The lasso model exhibited the best performance, closely trailed by
linear regression and PLS. The ridge model performed somewhat worse,
although the PCR by far yielded the highest MSE. Per the calculations
below, we see that the lasso model can explain 90.88% of the variance in
Apps, making it a sufficient predictor of the number of
college applications received.
# Calculating TSS, RSS, and R-square:
y_mean <- mean(y.test)
TSS <- sum((y.test - y_mean)^2)
RSS <- sum((lasso.preds - y.test)^2)
R_squared <- 1 - (RSS / TSS)
R_squared
## [1] 0.9088928
We will now try to predict per capita crime rate
(crim) in the Boston data
set.
(a) Try out some of the regression methods explored in
this chapter, such as best subset selection, the lasso, ridge
regression, and PCR. Present and discuss results for the approaches that
you consider.
I will test the regression methods mentioned, starting out with best
subset selection. First, I split the data into training set and test
set.
boston <- ISLR2::Boston
set.seed(13)
train_indices <- sample(1:nrow(boston), nrow(boston)/2)

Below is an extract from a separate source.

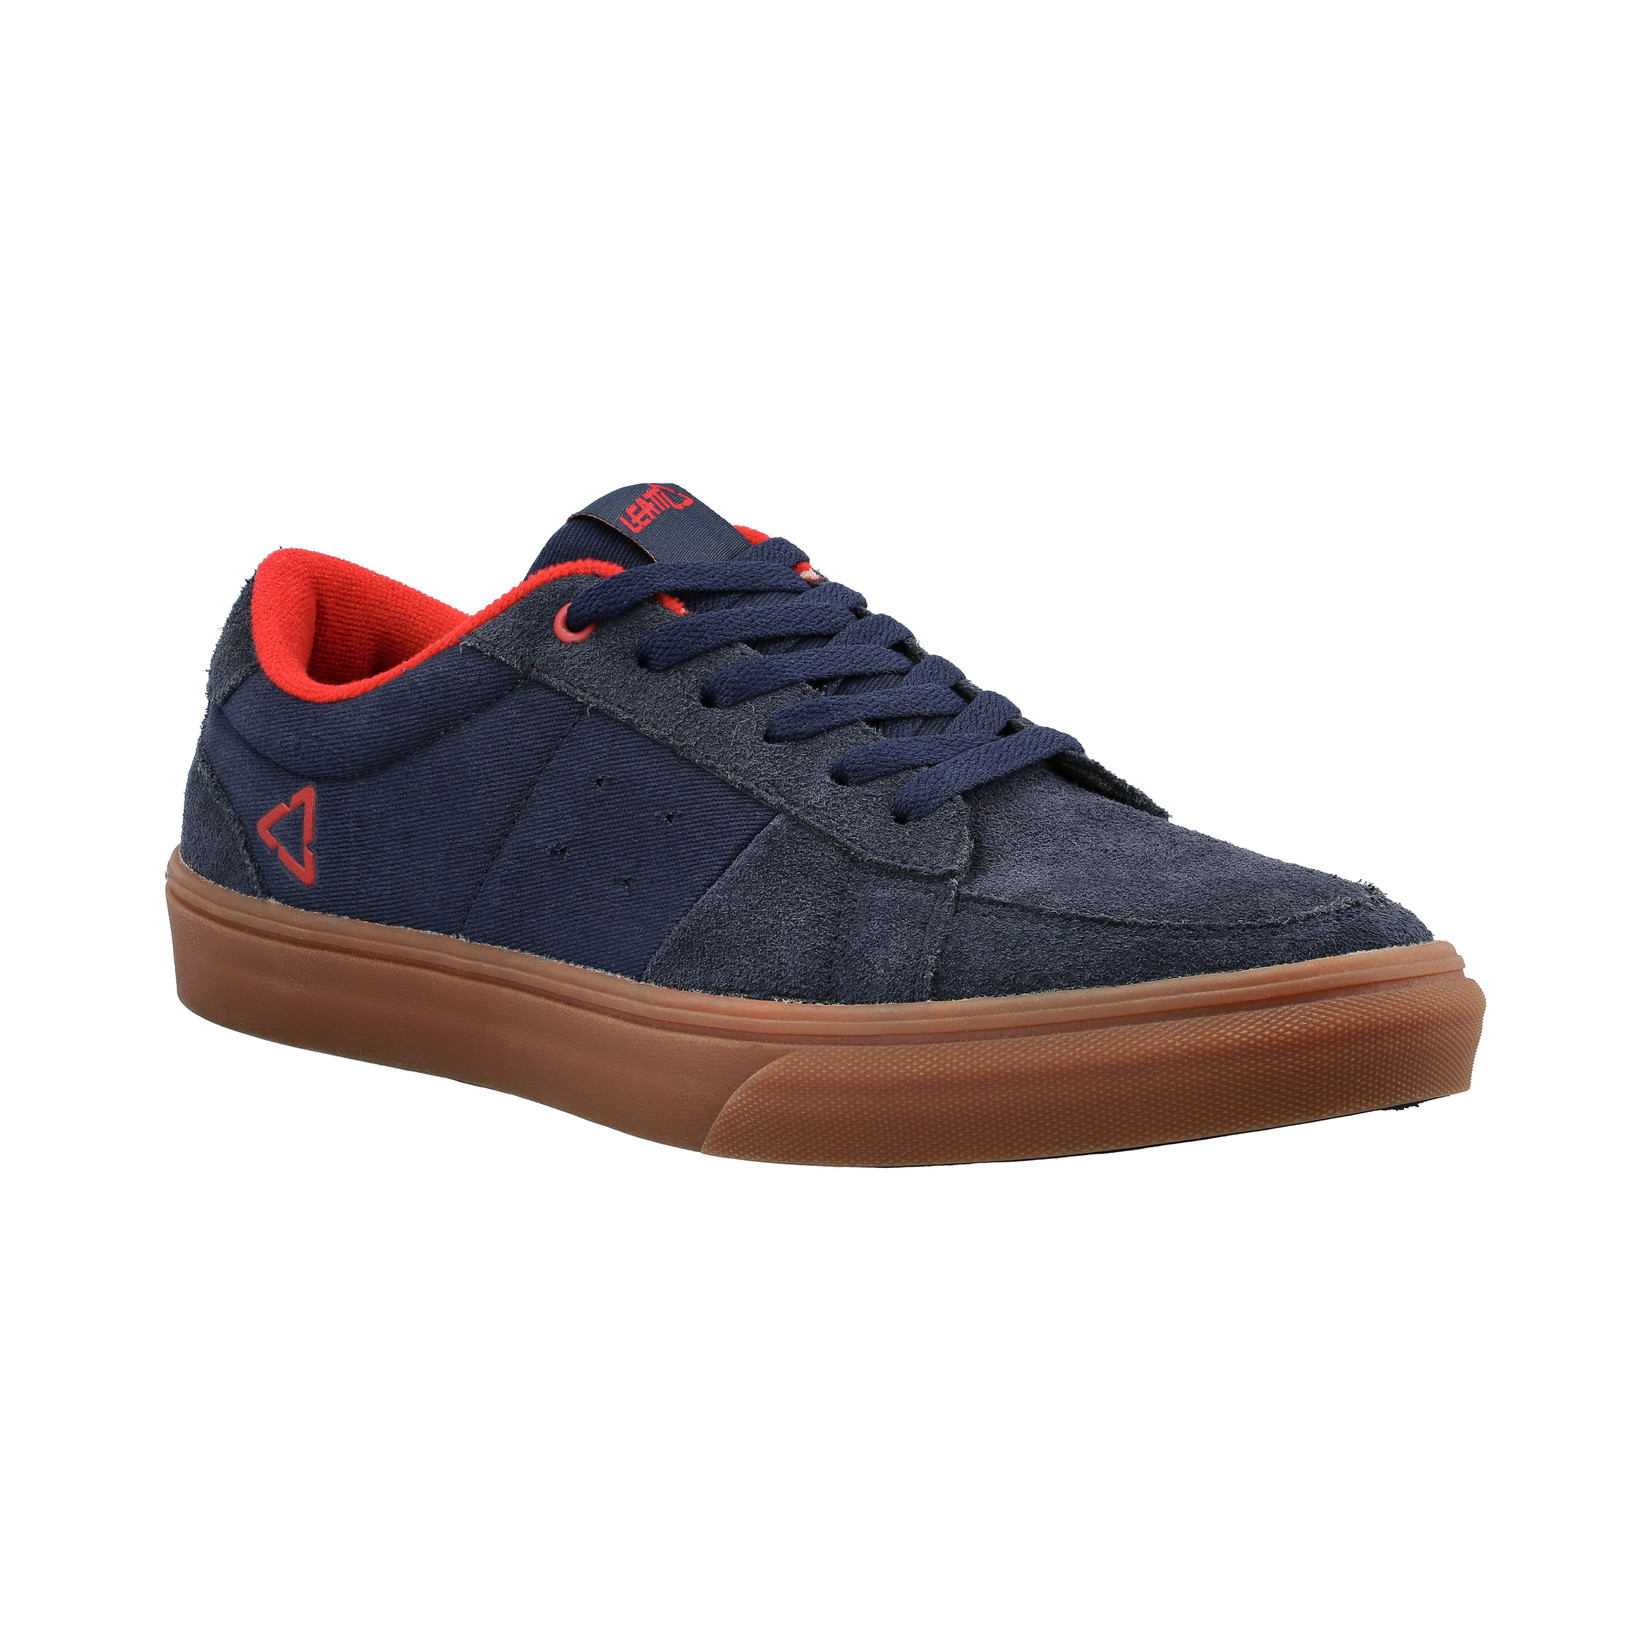 Leatt MTB Shoes 1.0 FLAT ONYX  41.5 cm
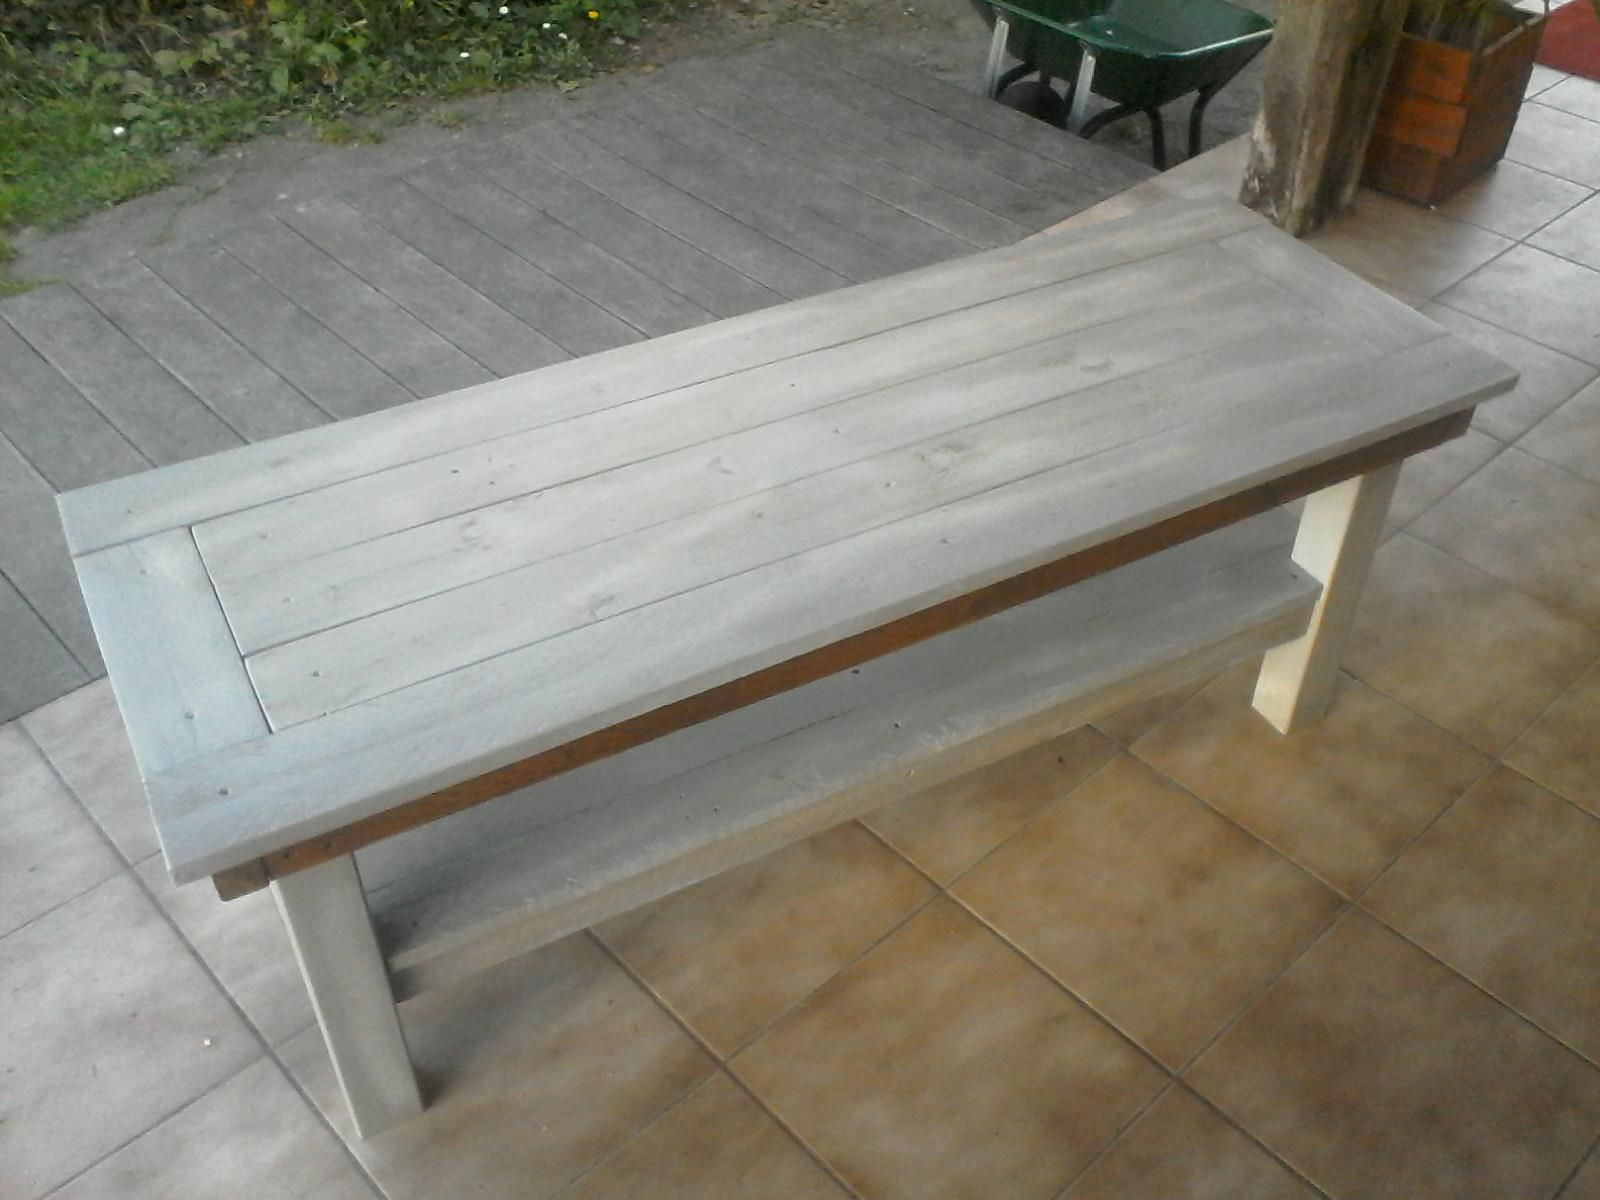 Table Basse En Bois Recycle 150 X 50 Cm Hauteur 45 Cm Autour Du

train_df <- boston[train_indices, ]
test_indices <- setdiff(1:nrow(boston), train_indices)
test_df <- boston[test_indices, ]
y.test <- test_df$crim
# Fitting full model
regfit.full = regsubsets(crim ~ ., data = train_df, nvmax=13)
reg.summary = summary(regfit.full)
reg.summary
## Subset selection object
## Call: regsubsets.formula(crim ~ ., data = train_df, nvmax = 13)
## 12 Variables (and intercept)
## Forced in Forced out
## zn FALSE FALSE
## indus FALSE FALSE
## chas FALSE FALSE
## nox FALSE FALSE
## rm FALSE FALSE
## age FALSE FALSE
## dis FALSE FALSE
## rad FALSE FALSE
## tax FALSE FALSE
## ptratio FALSE FALSE
## lstat FALSE FALSE
## medv FALSE FALSE
## 1 subsets of each size up to 12
## Selection Algorithm: exhaustive
## zn indus chas nox rm age dis rad tax ptratio lstat medv
## 1 ( 1 ) " " " " " " " " " " " " " " "*" " " " " " " " "
## 2 ( 1 ) " " " " " " " " " " " " " " "*" " " " " "*" " "
## 3 ( 1 ) " " " " " " " " " " " " " " "*" " " " " "*" "*"
## 4 ( 1 ) "*" " " " " " " " " " " "*" "*" " " " " " " "*"
## 5 ( 1 ) "*" "*" " " " " " " " " "*" "*" " " " " " " "*"
## 6 ( 1 ) "*" "*" " " " " " " " " "*" "*" " " " " "*" "*"
## 7 ( 1 ) "*" "*" " " "*" " " " " "*" "*" " " " " "*" "*"
## 8 ( 1 ) "*" "*" " " "*" " " " " "*" "*" "*" " " "*" "*"
## 9 ( 1 ) "*" "*" " " "*" " " "*" "*" "*" "*" " " "*" "*"
## 10 ( 1 ) "*" "*" " " "*" " " "*" "*" "*" "*" "*" "*" "*"
## 11 ( 1 ) "*" "*" " " "*" "*" "*" "*" "*" "*" "*" "*" "*"
## 12 ( 1 ) "*" "*" "*" "*" "*" "*" "*" "*" "*" "*" "*" "*"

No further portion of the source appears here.